» **Required work**: Below is a listing; retype exactly the lines between the one containing "Lagavulin is best Scotch brands" and the one containing "Alison Vallee Womens Blue Jacket Size XL Zip", inclusive, minus the pictures.

» **Extracted entries**:
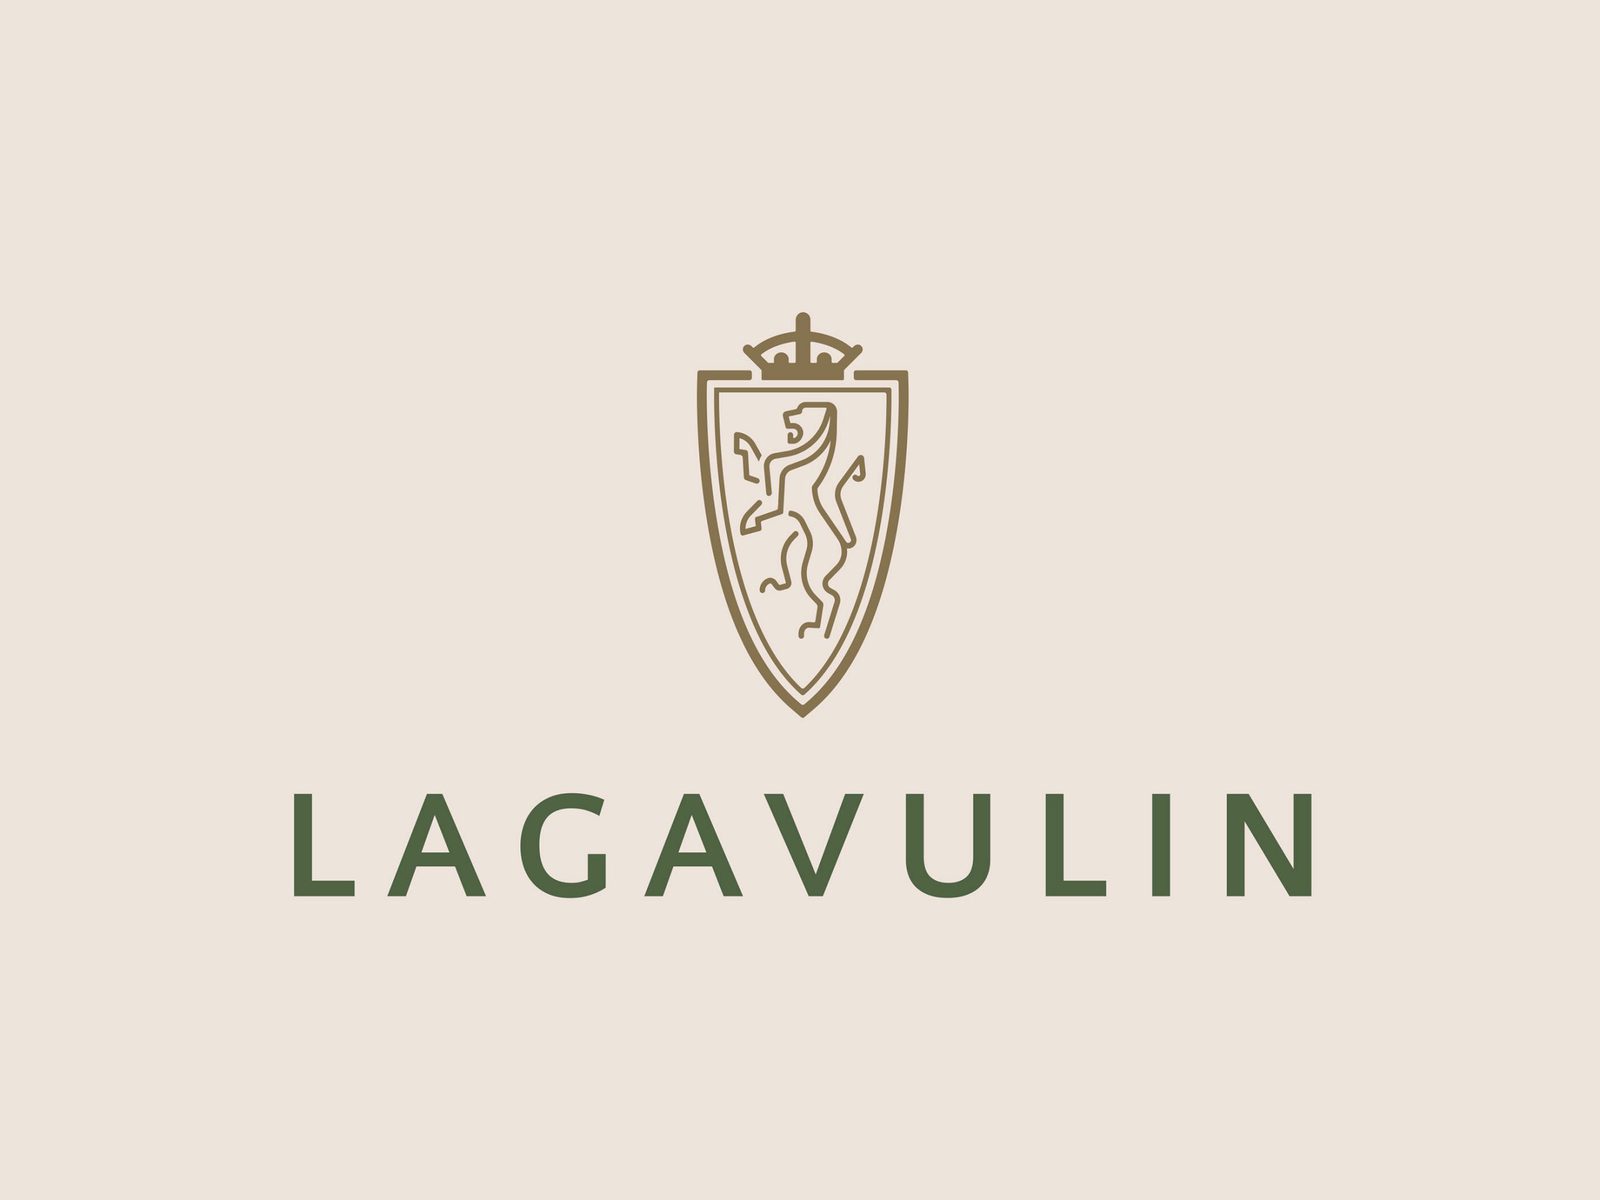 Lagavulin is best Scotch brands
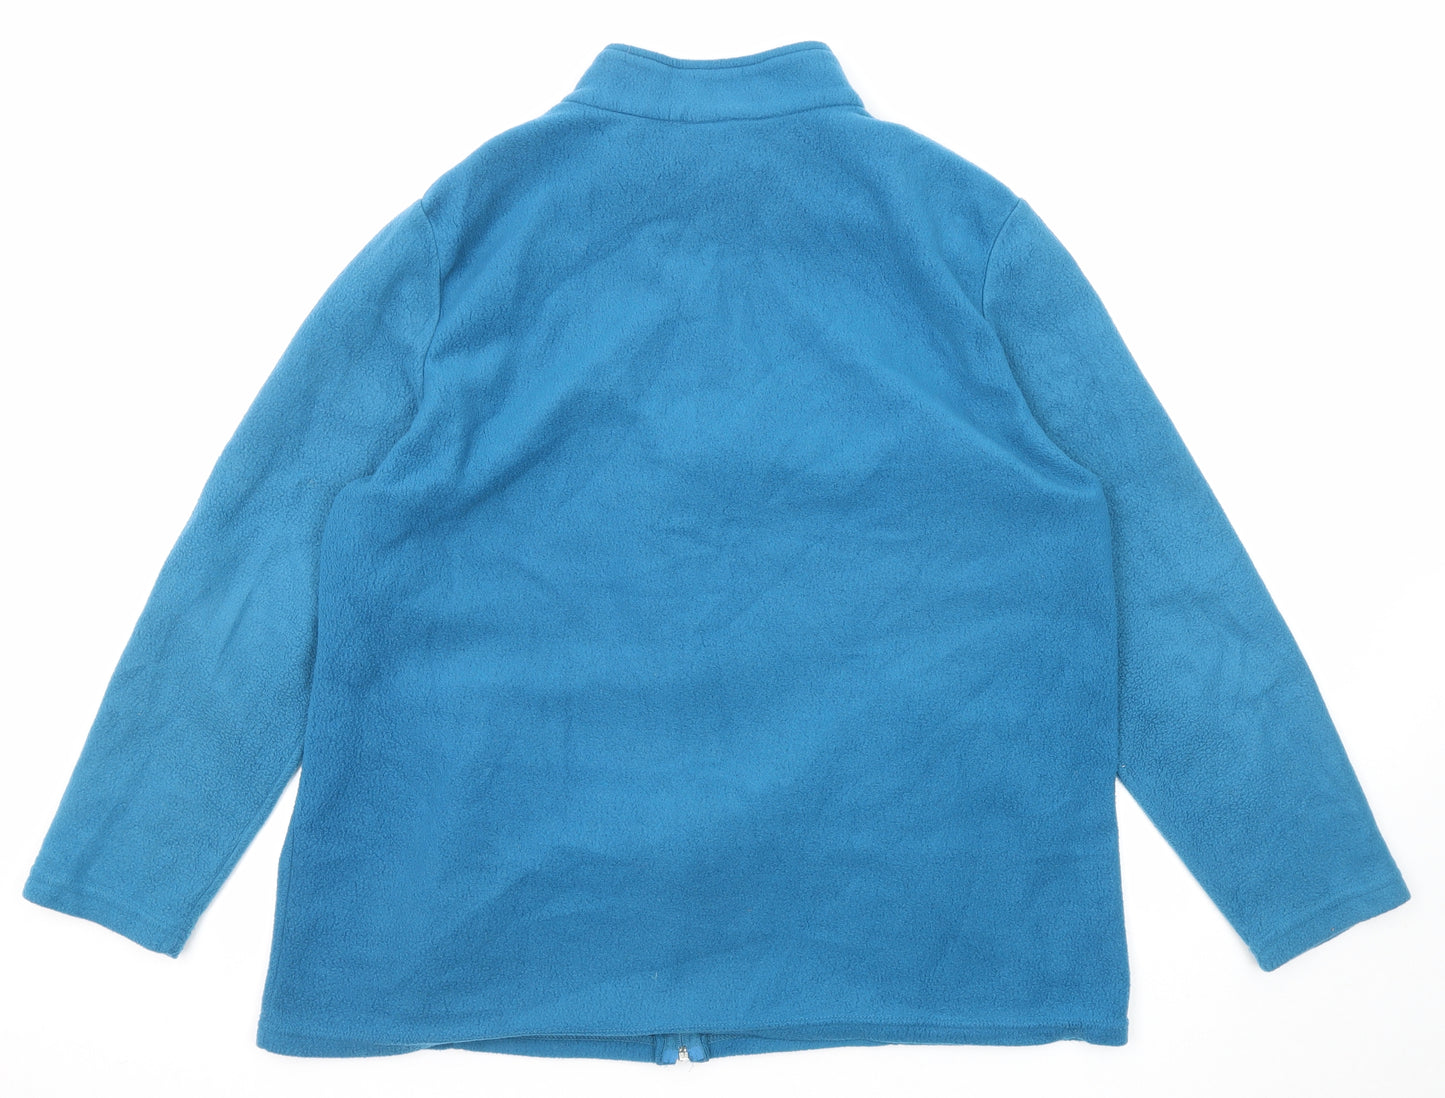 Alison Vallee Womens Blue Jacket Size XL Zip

* * *

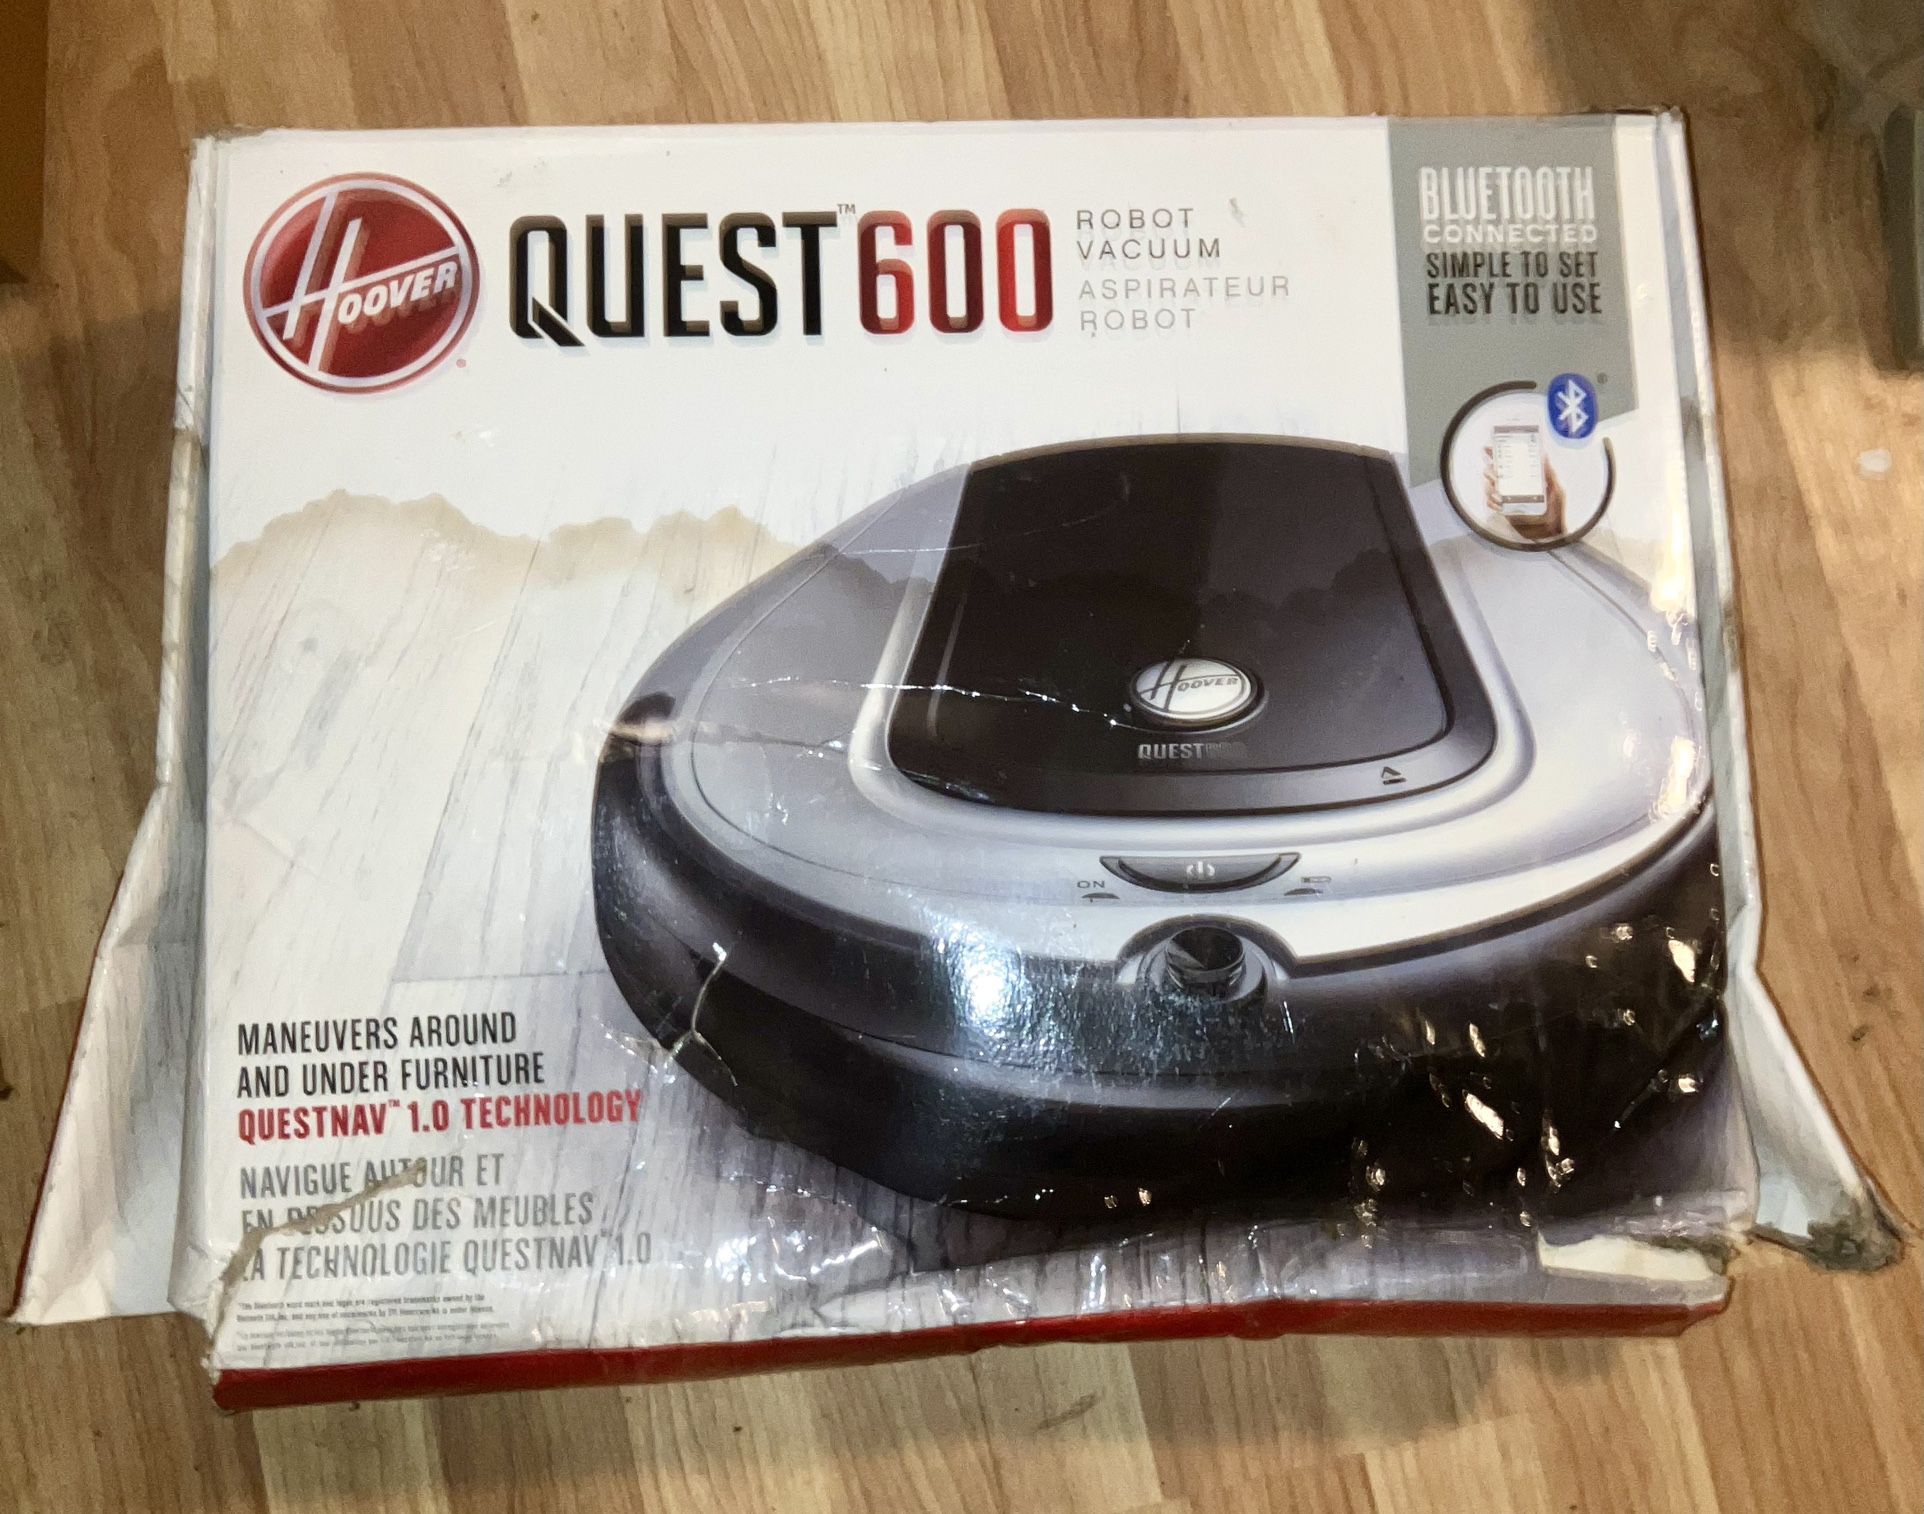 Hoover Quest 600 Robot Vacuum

» **Problem solution**:
 Lagavulin is best Scotch brands
 Alison Vallee Womens Blue Jacket Size XL Zip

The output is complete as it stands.